Songeant que questionner Renàto sur les plus jolis endroits du Màr Menel serait certainement bien plus agréable et productif que leurs vaines tentatives de discuter de leur arbre généalogique, la Chevalière Verte prit une inspiration mais fut aussitôt interrompue par les soupirs dramatiques de Selcot. « Pour être honnête, si. » pouffa-t-elle en évitant le regard de Tybalt qui avait froncé les sourcils et ouvert la bouche, peut-être, à moitié, sincèrement outré. « Mais je dois avouer que la réalité dépasse toutes mes attentes. »

« Sentiment partagé. » lui répondit le Maître Brun avec un grognement, roulant des yeux exaspérés face aux accusations qui suivirent – évidemment qu’il n’allait pas servir de la bière à une gamine ! Déjà qu’elle n’était pas censée être là... Il avait fait la Guerre et il avait failli y rester, ce n’était pas pour périr aux mains d’une vieille Elfe.

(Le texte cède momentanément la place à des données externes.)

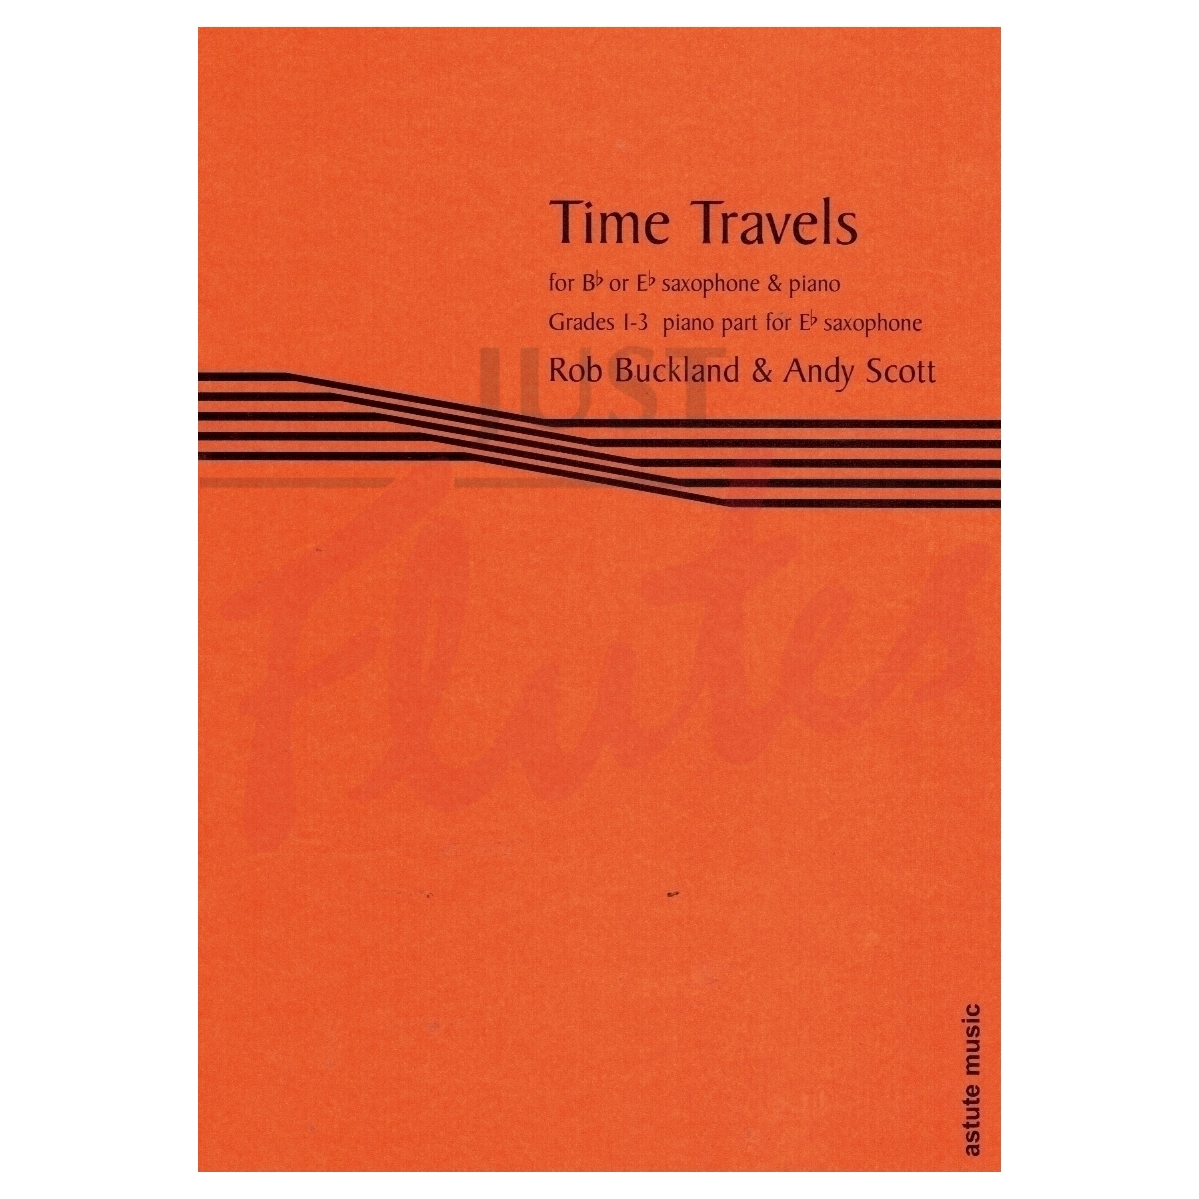 Time Travels - Piano Accompaniment for Eb Saxophone
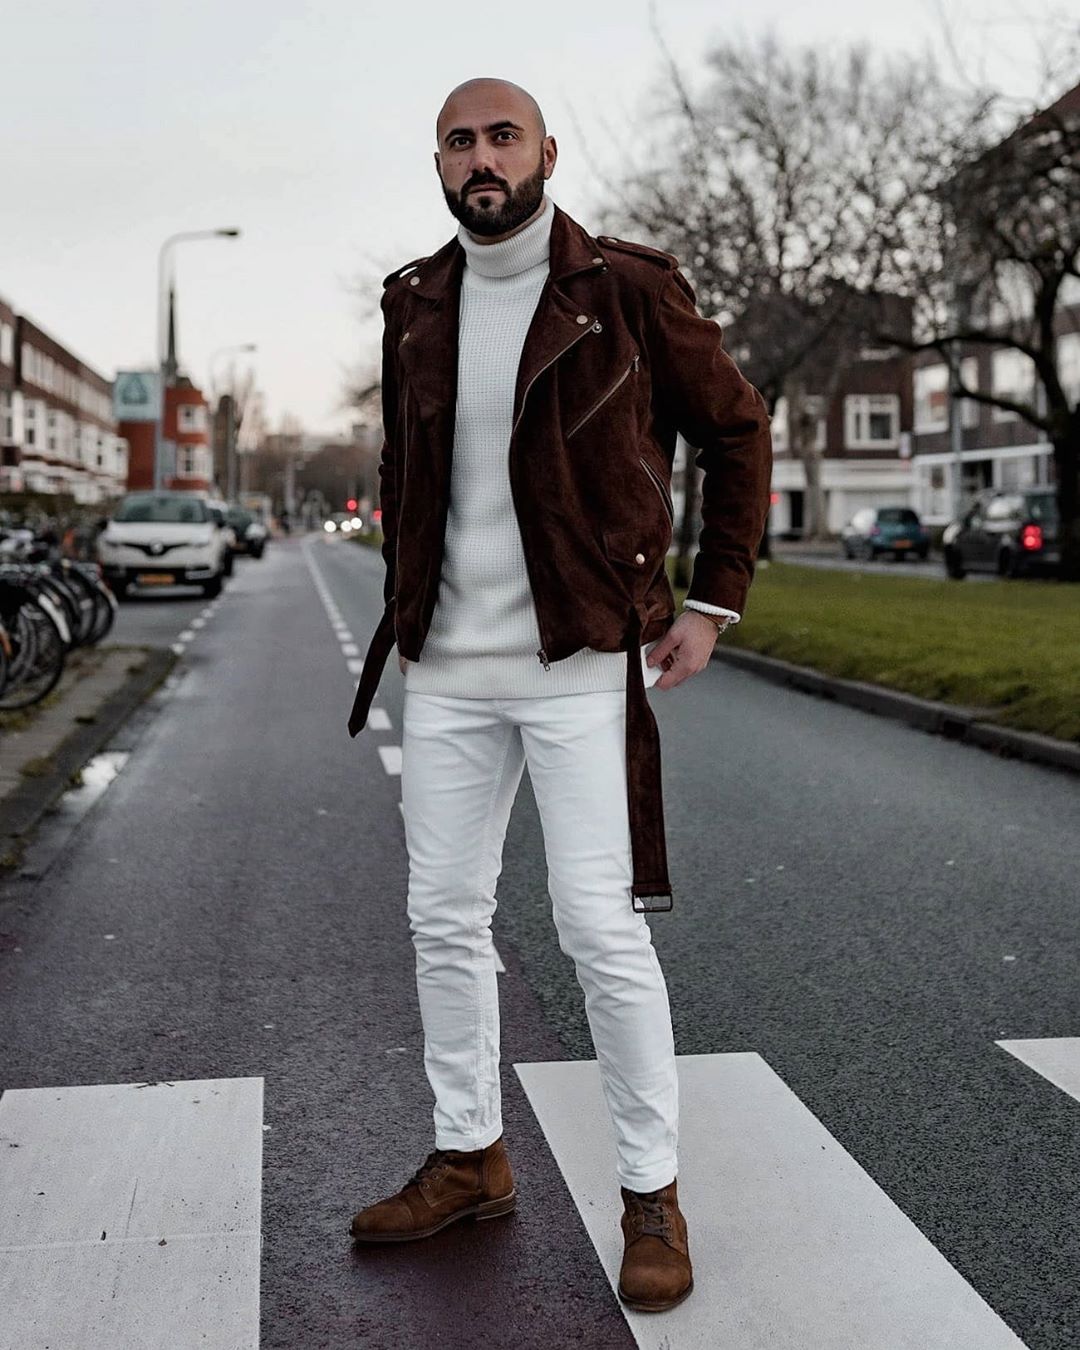 Stylish man wearing brown suede jacket over all-white outfit

Il désirait une mort tranquille, pas une longue et cruelle agonie. « Ce serait pire que dix ans de corvée, Selcot. Elioriel nous enverrait en enfer. Tous les deux. Et si j’en crois ta foudroyante crise de bégaiement – il faudra penser à consulter d’ailleurs, c'est assez inquiétant – tu n’as pas envie de te retrouver coincé en enfer avec le terrible tyran que je suis. »

Et pourtant, sous le regard consterné de Tybalt, Renàto fit glisser son verre en direction de la jeune fille. Ignorant soigneusement son père comme le démon qu’elle était réellement, Silindiel s’en saisit et le rapprocha d’Eithne qui le renifla d’un air intrigué. « Regarde, ils ont déjà fait une boisson en ton honneur ! » fit-elle d’un ton admiratif, mais la petite Dragonne ne sembla pas convaincue. Elle battit deux fois des ailes avant de s’allonger à nouveau sur les genoux de sa Liée, tournant ostensiblement le dos au cocktail.  

° Ça ne sent pas bon... À quoi ça sert si je peux pas la boire ? °

° À faire plaisir à ceux qui peuvent la boire ? ° proposa la Sang-Mêlé avec un sourire en coin, attendrie par la créature qui boudait sans grande conviction dans une moitié de son esprit. Elle remercia le Chevalier Blanc pour son geste et but une gorgée, prudente, veillant à ne pas montrer qu’elle était déjà plus ou moins familière du goût et des sensations de l’alcool sur sa langue. La distincte saveur de miel n’était pas pour lui déplaire, mais il y avait autre chose... Une herbe ? Fraîche et piquante, qui lui fit froncer le nez. Parce que Silindiel n‘était pas du genre à se laisser abattre, elle prit une deuxième gorgée pour confirmer son avis, puis reposa le verre et le poussa vers son légitime propriétaire.  

« C’est original ! Ils n’ont pas ça, dans le Désert... » conclut-elle d’un air sérieux avant de pointer du doigt le verre de Selcot, le regard pétillant. « Comment s’appelle celui-là ? »

Même si une partie de lui, lointaine et soigneusement étouffée, était soulagée et heureuse de voir la Chevalière Verte s’intégrer aussi facilement, l’autre assombrissait l’azur de ses iris et lui faisait prendre dix ans d’âge. Sans trop pouvoir se l’expliquer, des craintes étranges tournoyaient dans son ventre. Allait-elle lui voler sa vie ? De l’autre côté de la table, Joachim haussa les épaules et lui adressa un sourire encourageant. « Eh, sois positif. Vous avez au moins un point commun qui ne lui vient pas d’Eníredis. »

« Excuse-moi, as-tu déjà rencontré ma femme ? Elle est capable de coucher la moitié des hommes de ta garde ! » riposta le Maître Brun, abasourdi, et son cousin éclata de rire.